In Cuba there is no flexibility to allow coffee growers to negotiate, on the contrary. The 7th Cuban Communist Party Congress reaffirmed that there will be none of the long-expected, and necessary, changes. So, are the regulations of the State Department dancing in sync to the conga rhythm of the Cuban monopolies? Or is Nespresso being miserably deceived?

It has not been disclosed how this trademark, belonging to the transnational company Nestle, will negotiate directly with Cuban producers. The island’s famers don’t even have the right to sell directly to Cuban government entities. The Cuban state does not do business with natural persons, rather they create cooperatives (for example the UBPC, CPA and CCS) with legal standing as intermediaries.

In practice, for example, if a producer needs inputs they have to apply to the cooperative, because they can’t buy them directly from the entity that sells them. This type of practice involves delays and inefficiencies, as well as increasing costs for the coffee grower, since the cooperative applies a tax to each transaction processed.

When a company makes a purchase from a producer, it writes a check to the cooperative which pays the farmer, after collecting the tax, a mechanism that is also applied when the sale is between producers.

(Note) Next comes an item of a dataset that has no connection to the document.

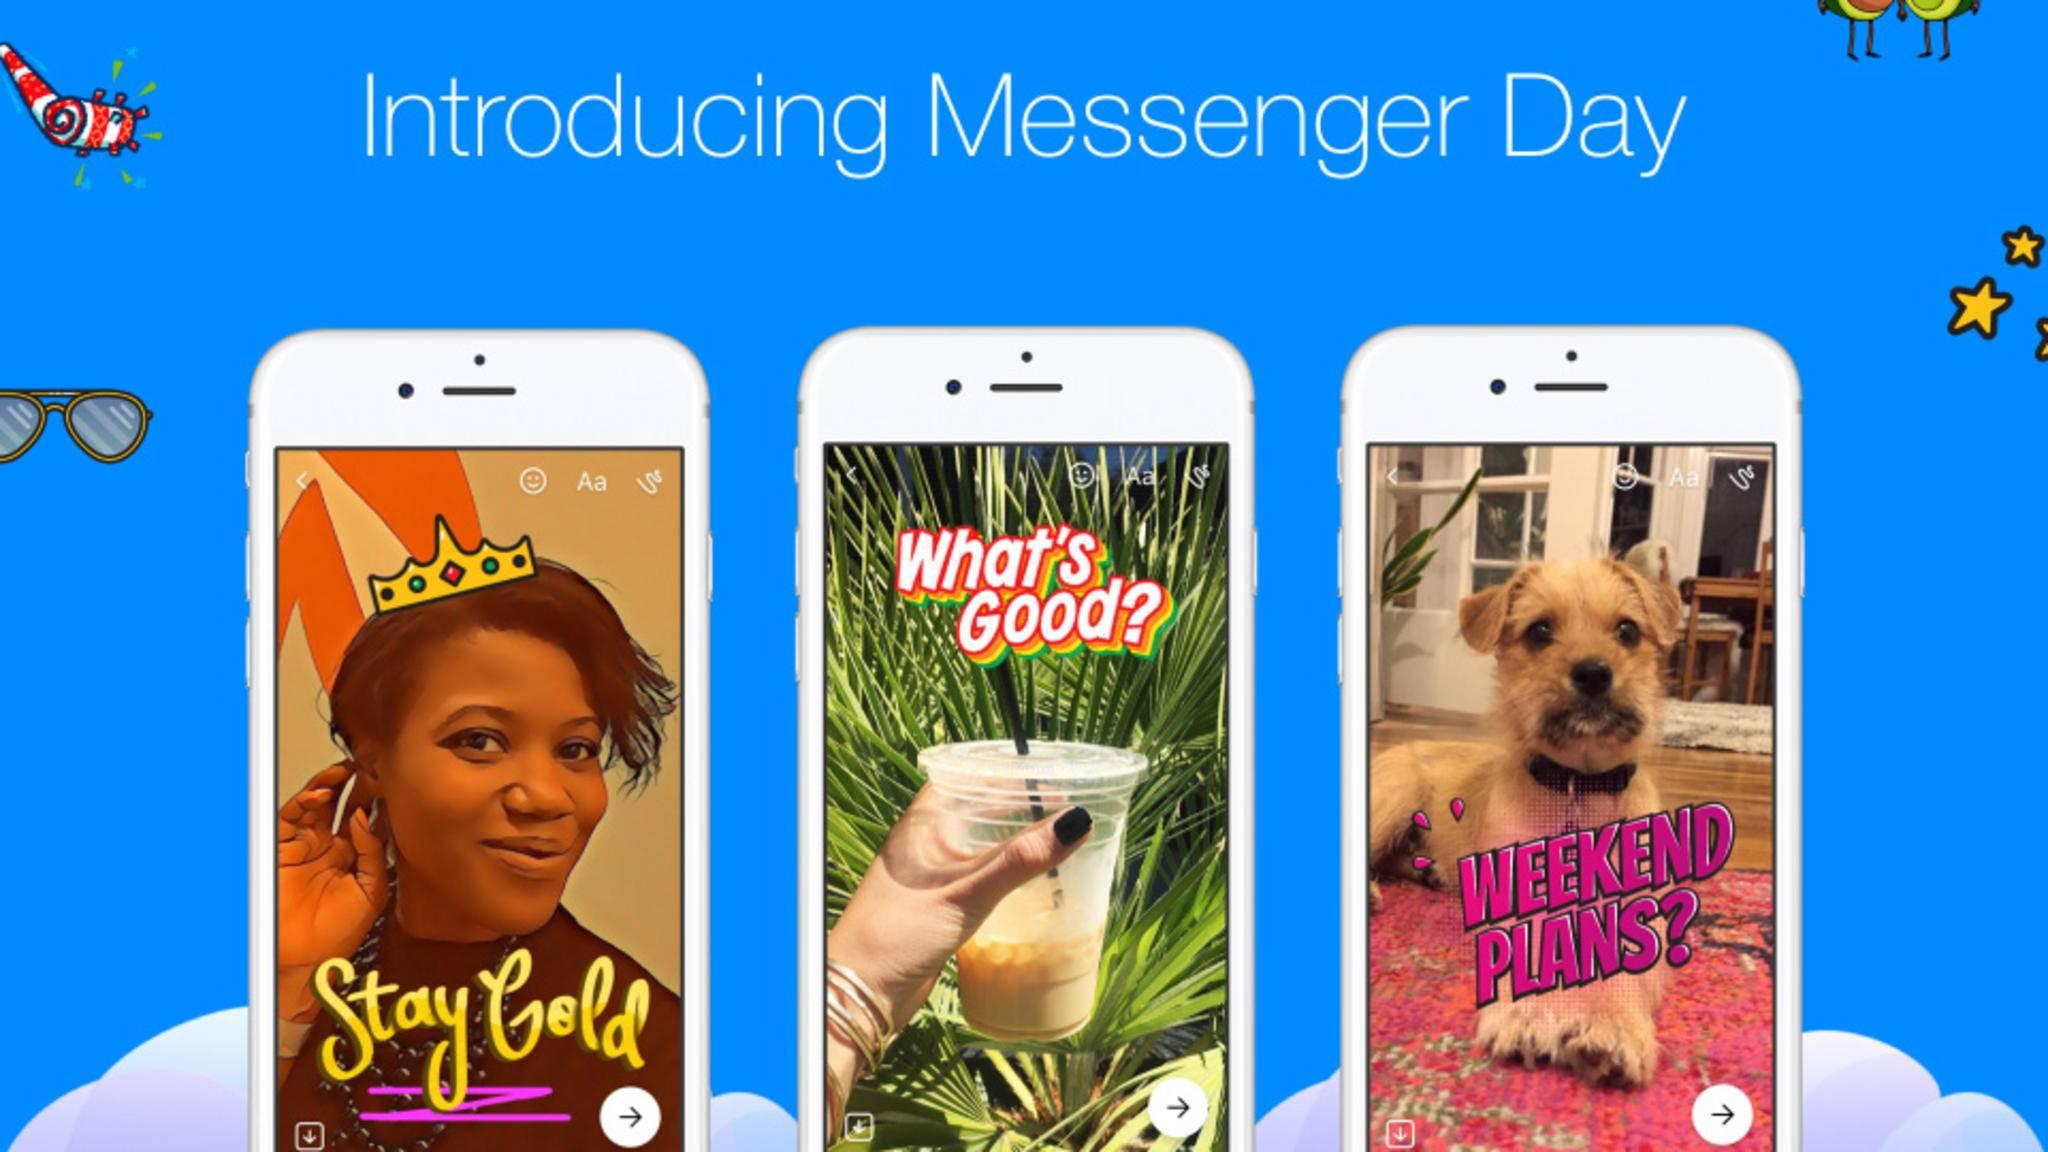 Ein knallbunter Status gehört zum guten Ton – ab sofort auch beim Facebook Messenger.
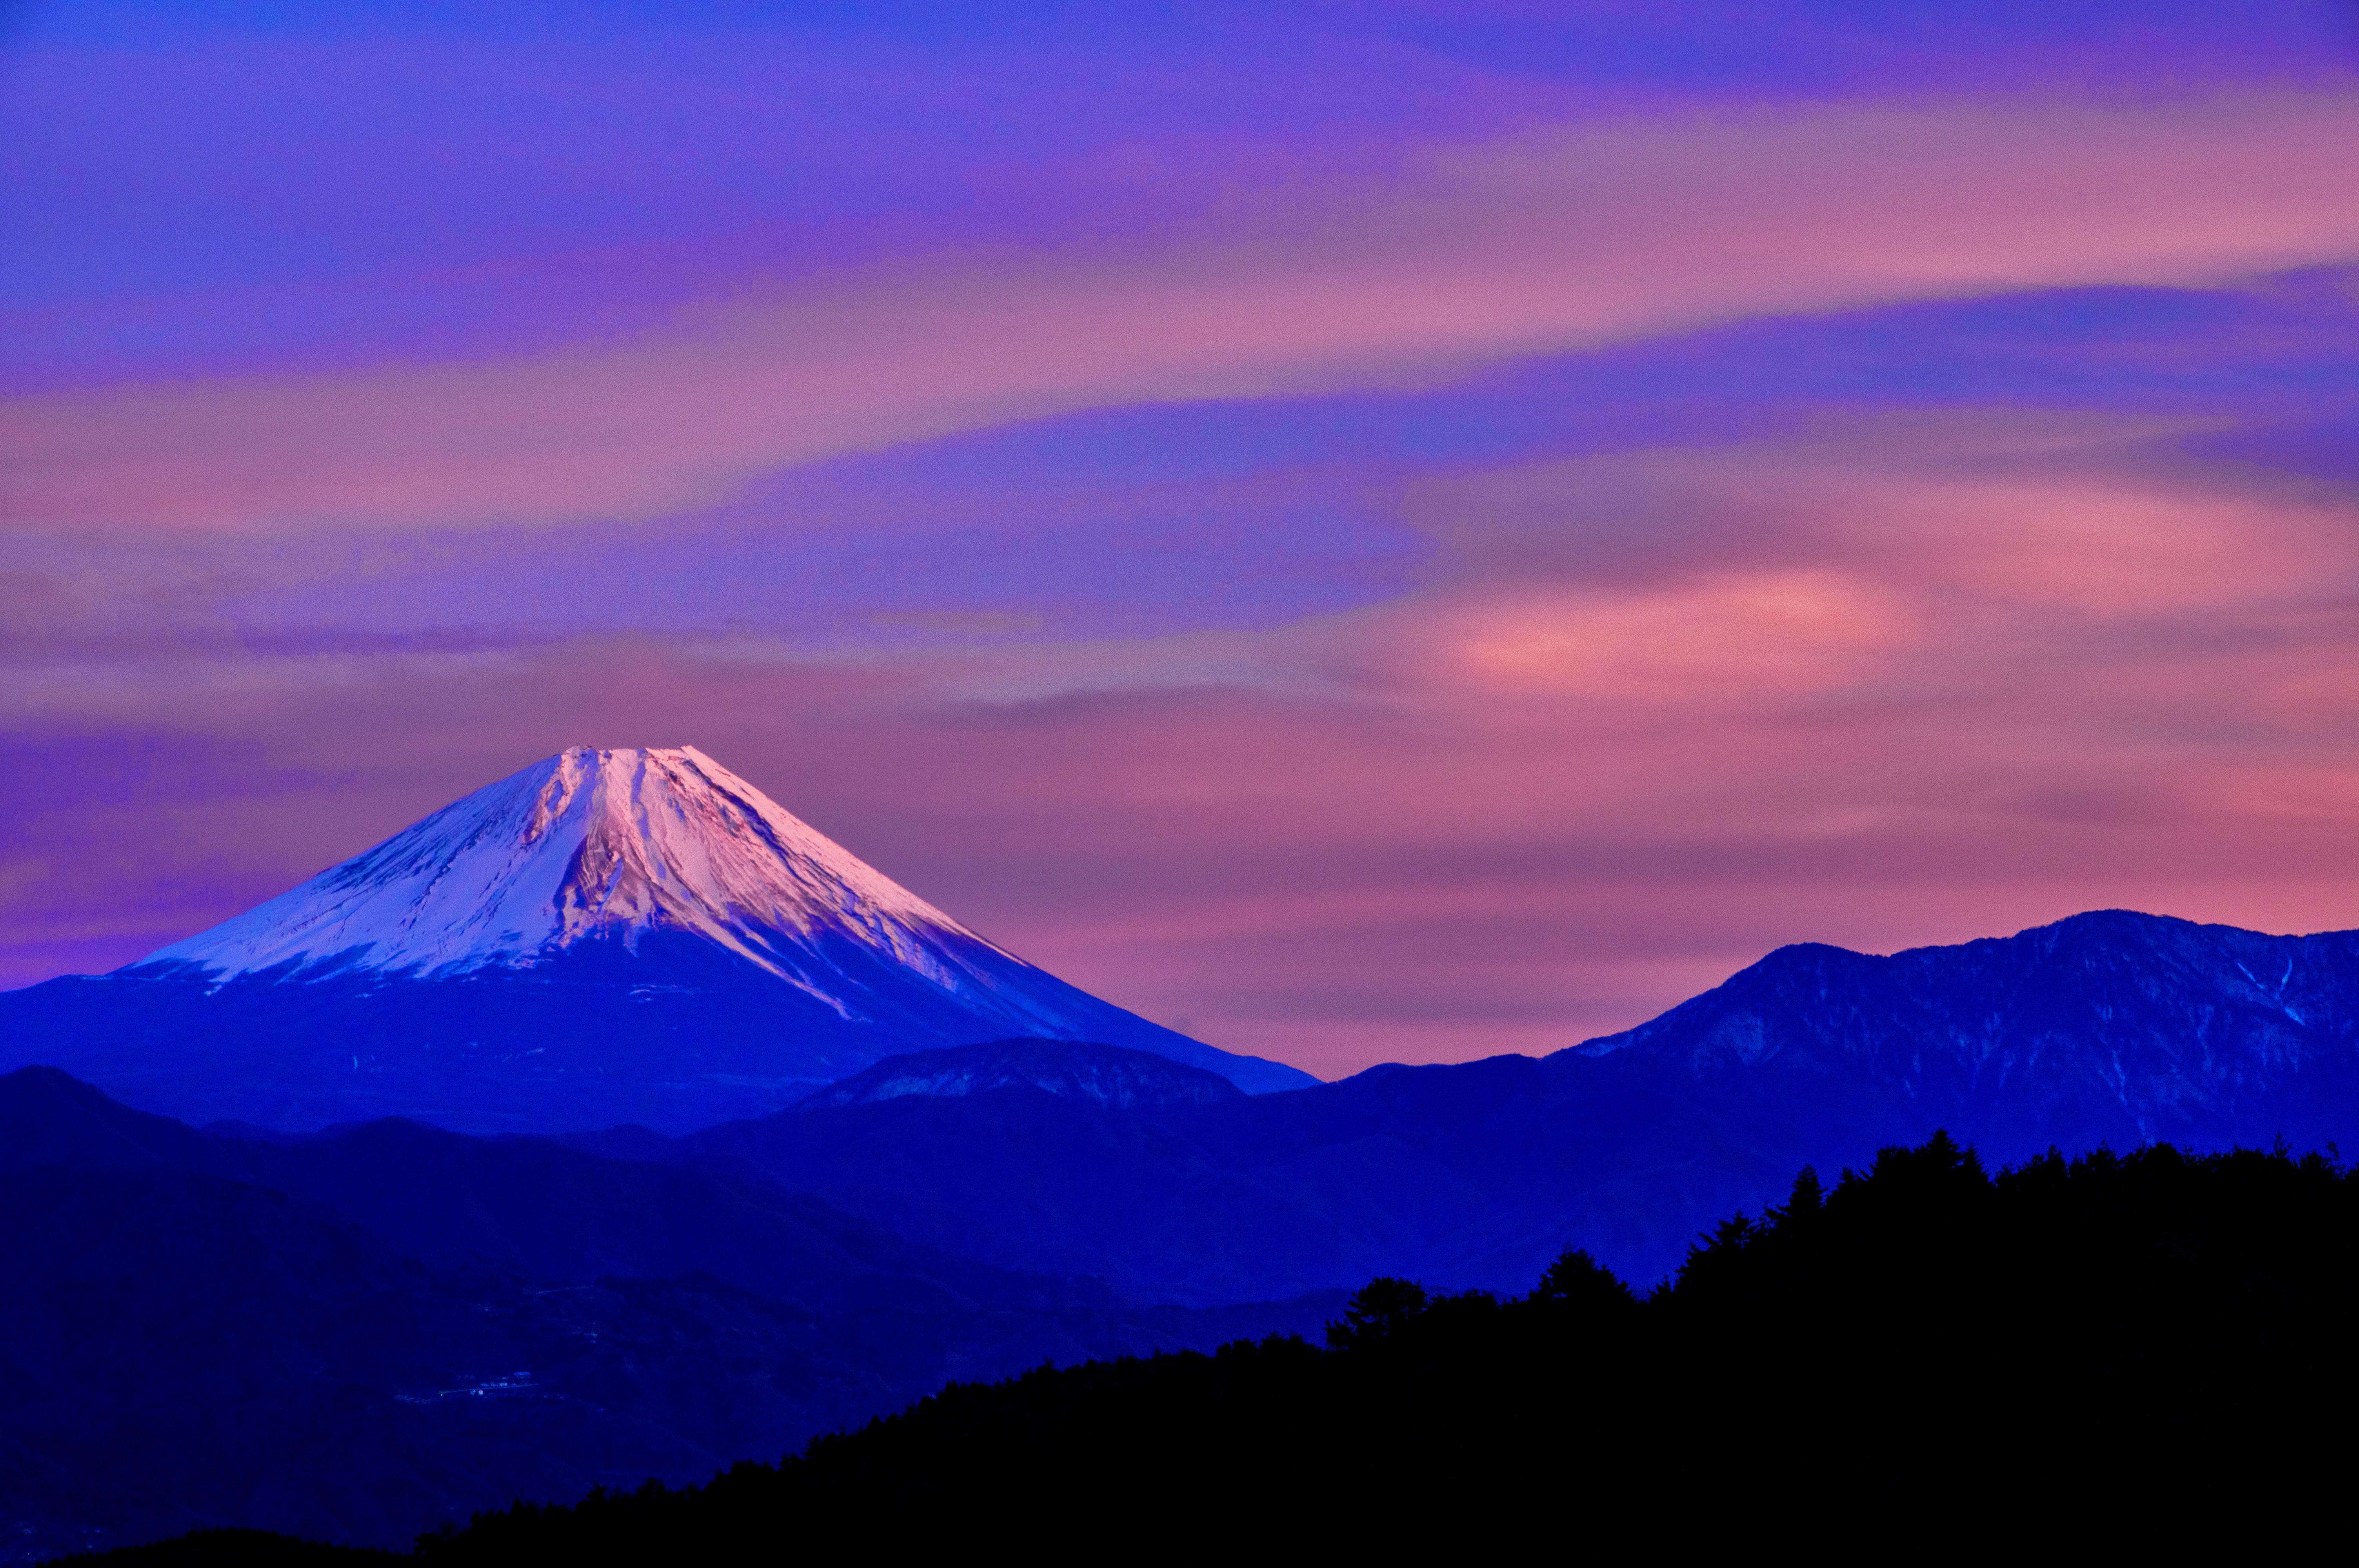 夕刻の富士。夕日もあたる

This is the reality we dreamt would change with United States government’s new policy of empowering Cuban entrepreneurs. It could be that Nespresso is being deceived by some artifice of the Cuban authorities, or it could be that the intransigence of the Cuban state has managed to break the good intentions of the Obama Administration.

But there is one thing we can be sure of: the new Cuban Nespresso Grand Cru, Cafecito de Cuba, will have the flavor of broken dreams, because it will be done at the cost of our rights.